Le montant mensuel attribué au titre de l'élément lié à un besoin d'aides humaines est égal au temps d'aide annuel multiplié par le tarif applicable et variable en fonction du statut de l'aidant et divisé par 12, dans la limite du montant mensuel maximum fixé à l'article R. 245-39.
La demande est jugée non fondée.
Sur les frais irrépétibles et les dépens
L'équité commande d'allouer au conseil départemental la somme de 1500€ sur le fondement de l'article 700 du code de procédure civile, et de rejeter le surplus des demandes à ce titre.

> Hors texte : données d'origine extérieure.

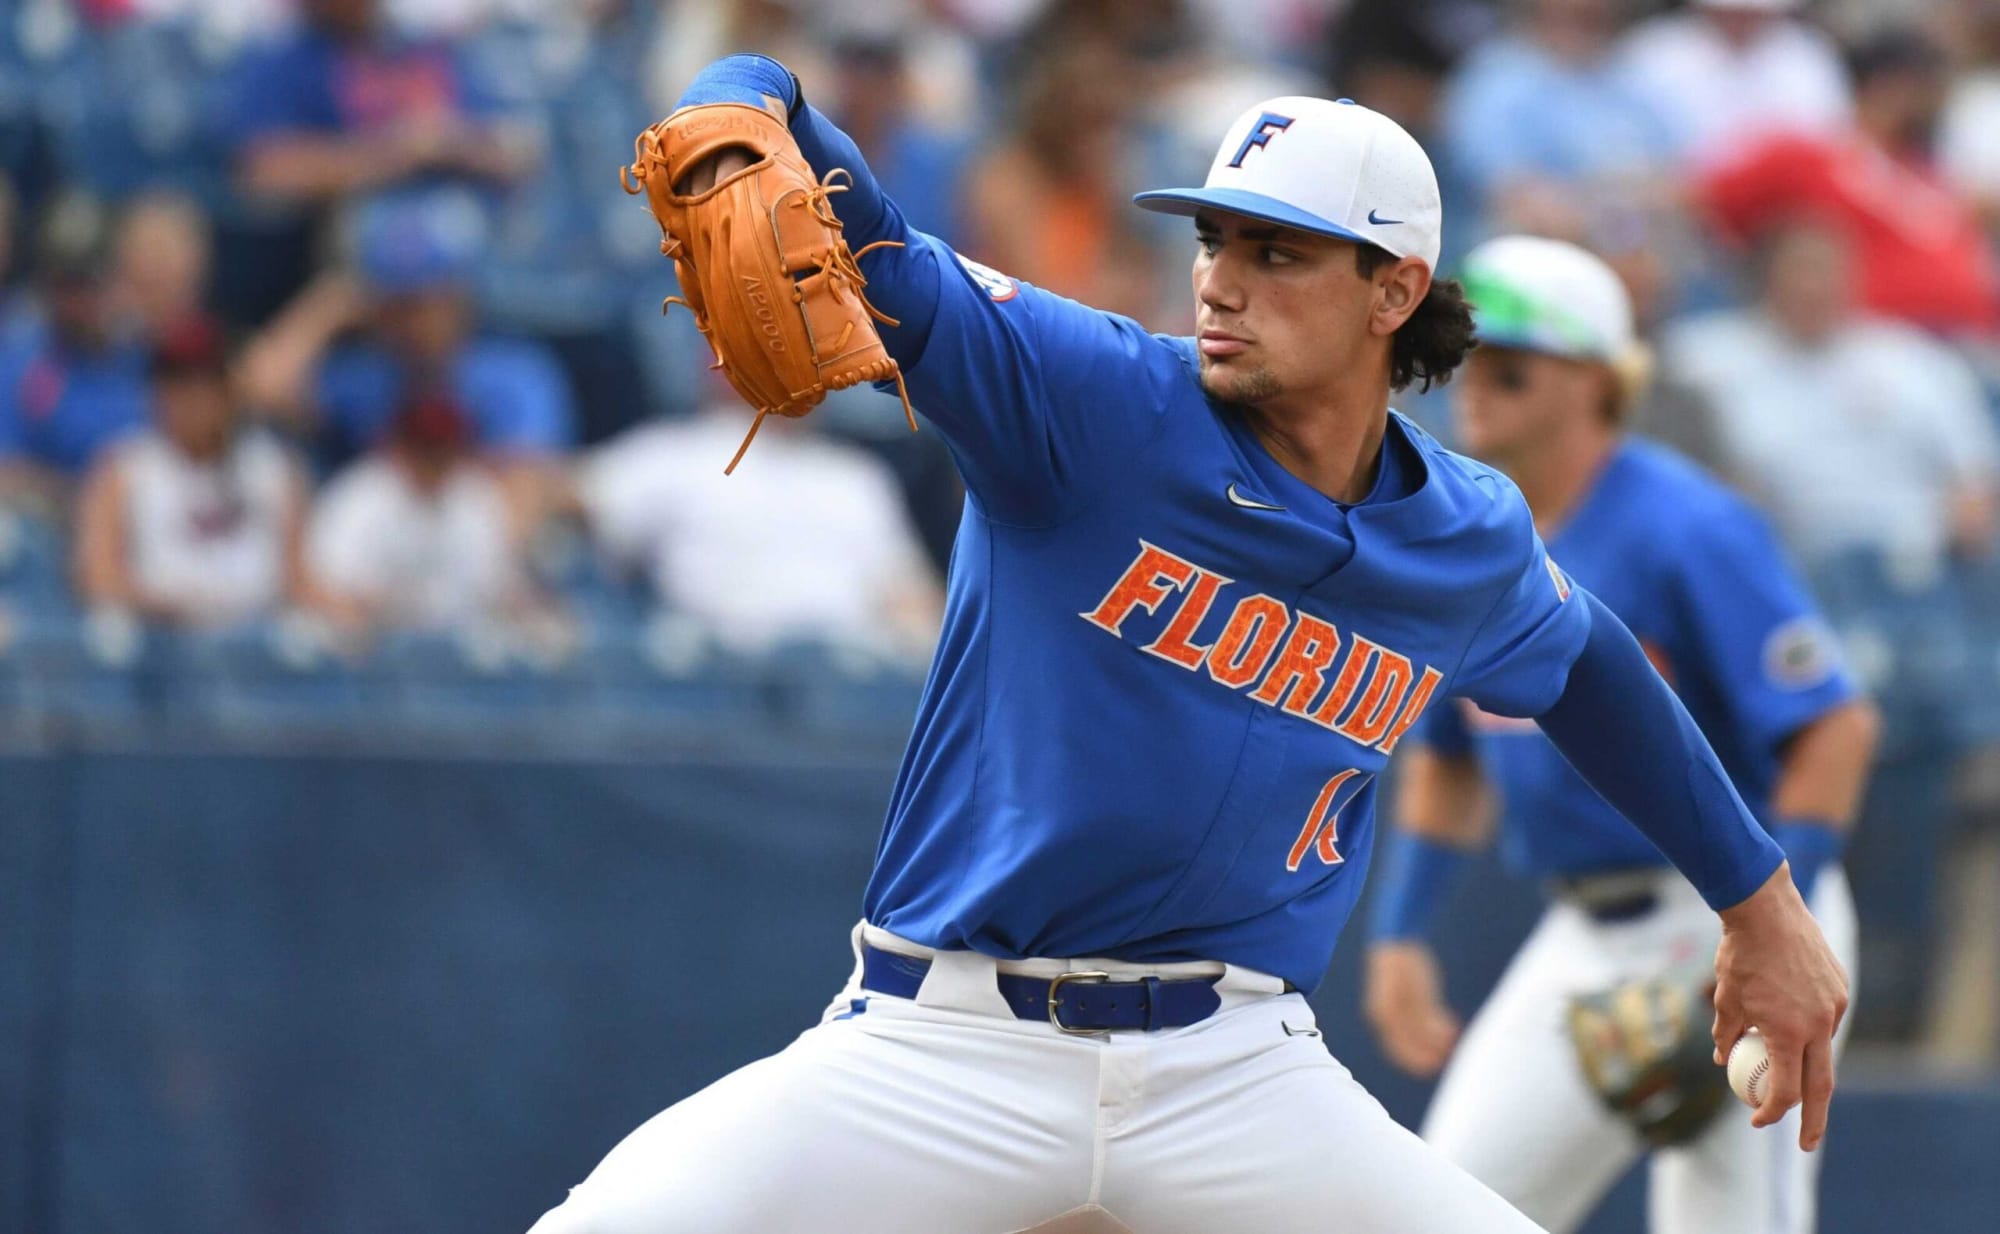 Jac Caglianone of the Florida Gators pitches against the LSU

L'appelante, bénéficiaire de l'aide juridictionnelle totale, succombe et supportera les dépens, lesquels seront à recouvrer aux formes de l'aide juridictionnelle.
PAR CES MOTIFS :
La cour, après en avoir délibéré, statuant publiquement, par arrêt contradictoire, et en dernier ressort,
Homologue le protocole transactionnel signé le 18 mai 2022 par les parties,
Déclare irrecevables les demandes par lesquelles l'appelante demande à la cour :
-d'ordonner la rectification de l'arrêté modificatif en ce qu'il affirme de manière erronée que Mme [T] a bénéficié d'une avance sur prestation de compensation précédemment attribuée,
- de lui payer la somme de 11,45 € comprise dans sa demande de remboursement de la somme de 24,45 €, au titre de barres d'appui,
Répare l'erreur matérielle affectant l'arrêté du président du conseil départemental des Pyrénées-Atlantiques en date du 8 décembre 2017, en disant qu'il convient d'y lire :
-aides techniques : 1125 € ponctuels, à compter du (...) jusqu'au 31 octobre 2017,
au lieu de
-aides techniques : 1125 € ponctuels, à compter du(...) jusqu'au 31 octobre 2020,
indiqué par erreur,
Confirme en intégrant la rectification matérielle qui vient d'être opérée, chacun des deux arrêtés du président du conseil départemental des Pyrénées Atlantiques en date des 13 novembre 2017 et 8 décembre 2017,
Déboute en conséquence Mme [T] de l'intégralité du surplus de ses demandes en :
-remboursement de la somme de 13€, au titre des barres d'appui,
- remboursement de la somme de 13,50 €au titre des marches-pieds,
-remboursement de la somme de 925,37€ au titre des cotisations sociales indûment prélevées,
-paiement de la somme de 1533,82 €,
-attribution d'un crédit de 921 heures d'aide humaine à utiliser dans un délai de 6 ans,
Vu l'article 700 du code de procédure civile, condamne Mme [T] à payer au Conseil départemental des Pyrénées Atlantiques la somme de 1500 € et rejette le surplus des demandes à ce titre,
Condamne Mme [T] aux dépens, à recouvrer aux formes de l'aide juridictionnelle.
Arrêt signé par Madame NICOLAS, Présidente, et par Madame LAUBIE, greffière, à laquelle la minute de la décision a été remise par le magistrat signataire.